Keezer credits the “direct influence” of singer-pianist Shirley Horn on the way he and Margot — complemented by poignant strings — stretch out the tempo and find space between the beats on the title track (a 1988 song by composer Michel Legrand and lyricists Alan and Marilyn Bergman). He describes their duo on “The First Time Ever I Saw Your Face” as “another chance to explore how much space is possible in music.

“I feel this is my most mature album,” Keezer says. “At least one definition of what it might mean to be mature was to feel I didn’t have to fill up all the space.
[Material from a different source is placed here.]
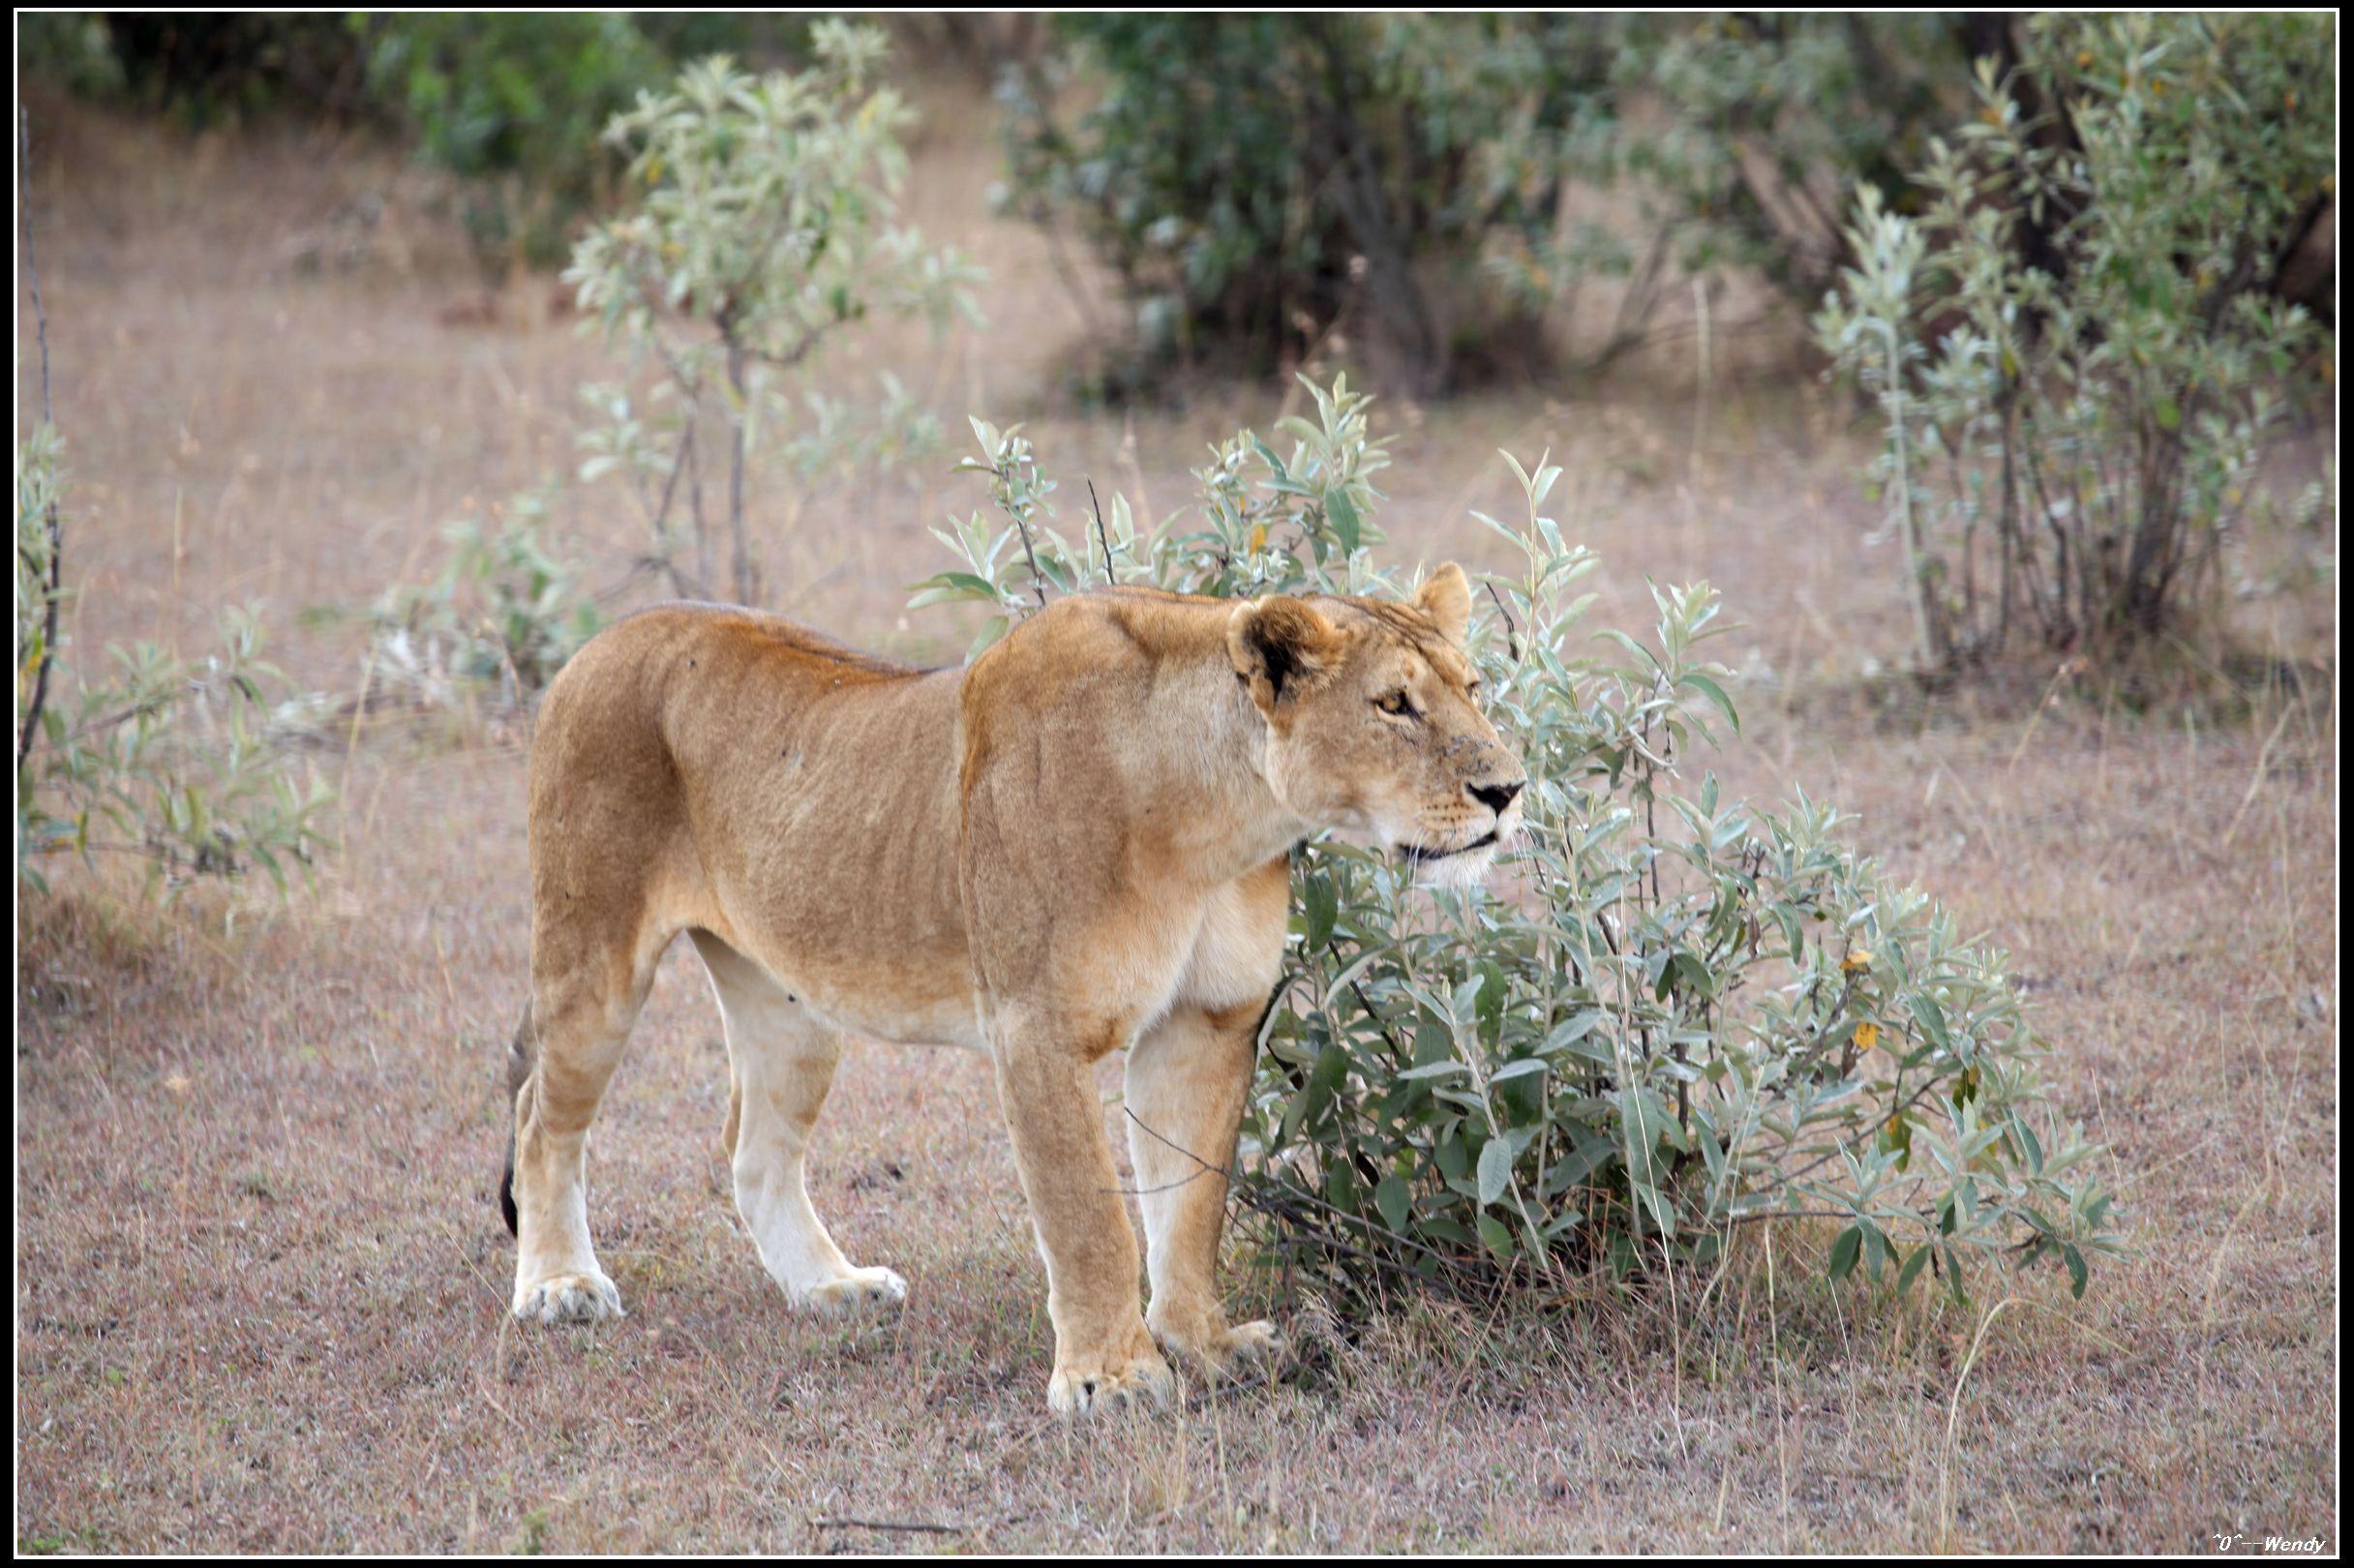 东非:超级肯尼亚,走进动物世界 - 马赛马拉国家公园

I learned that lesson playing with people like Jim Hall, who continually, night after night, would ask me to play less and less.”
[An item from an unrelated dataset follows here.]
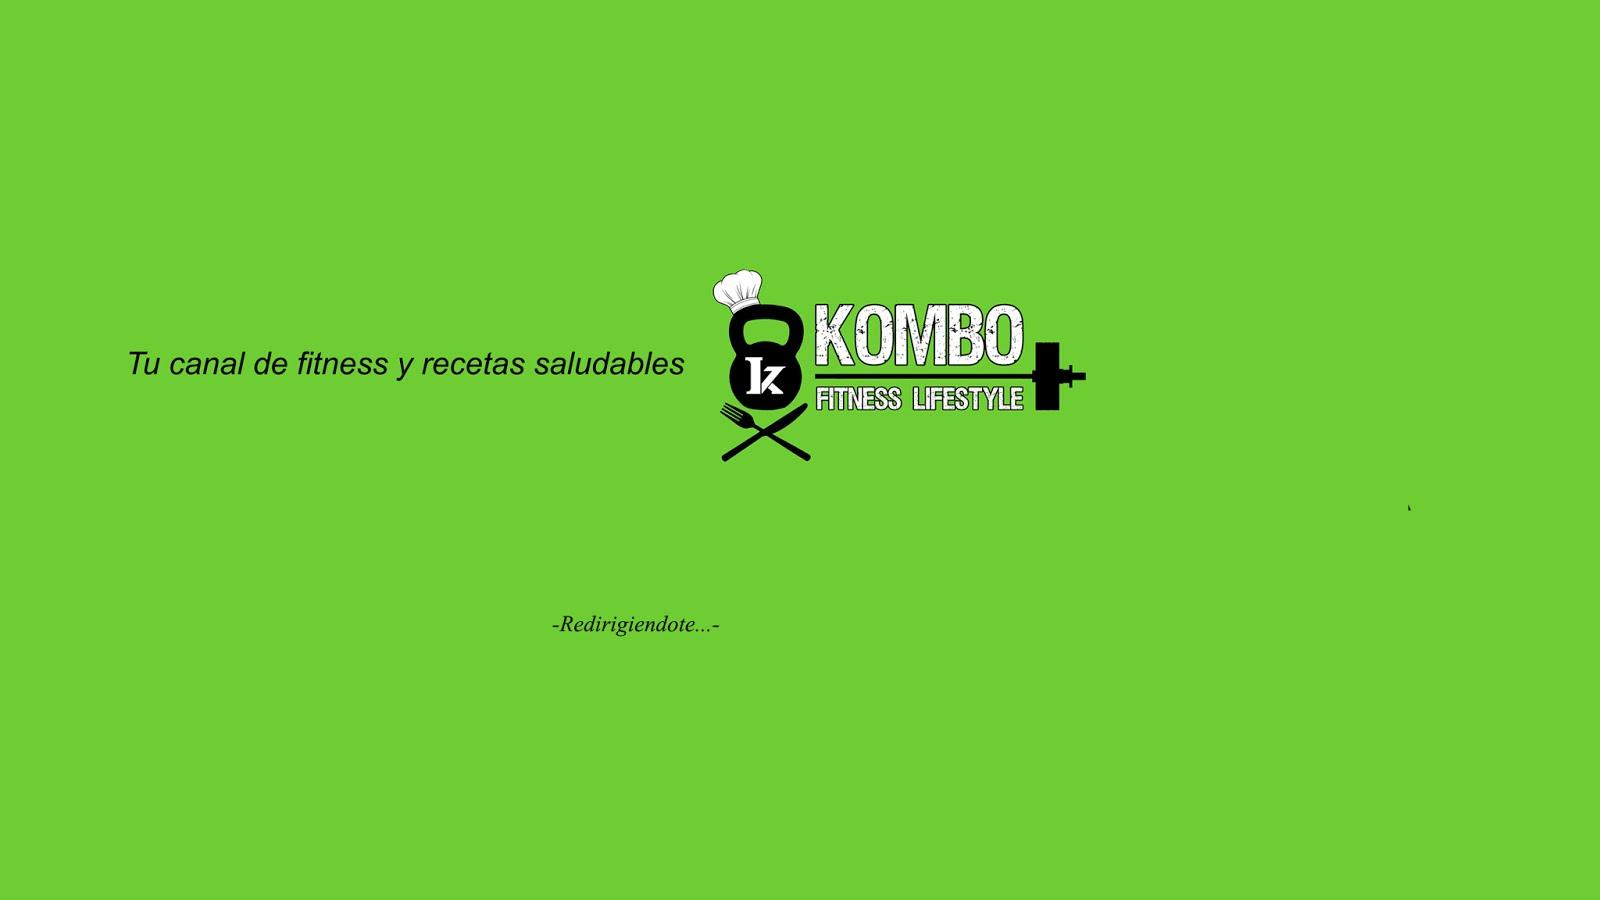 Kombo Fitness Lifestyle

In everything that he plays herein, Keezer refracts lessons gleaned during the first decade of his career on stints with Art Blakey and the Jazz Messengers, and combos led by Art Farmer, Benny Golson and J.J. Johnson, and the end-of-the-‘90s Ray Brown Trio. On his own early recordings, Keezer convened modern masters like Steve Nelson, Bill Pierce, Donald Harrison, Joshua Redman, Charnett Moffett, Victor Lewis and Billy Higgins to navigate his challenging compositions.

“When I got to New York in the late ’80s, it was the clear mission of the pianists there to play strong and hard, to give it up a thousand percent every time,” Keezer says, summing up his animating principle. “Bands don’t play like that anymore. Music has to change and that’s fine. But even though I’ve lived in California for almost 20 years, I’m coming out of that late ’80s New York piano style for sure.

“I’m not trying to be anything other than just who I am as a musician. I’m comfortable with it. I don’t mean comfortable in the sense of resting on my laurels, or that I’m not interested in improving. I always want to get better. But this feels like the best piano playing I’ve done on record. I think it’s my best album to date.”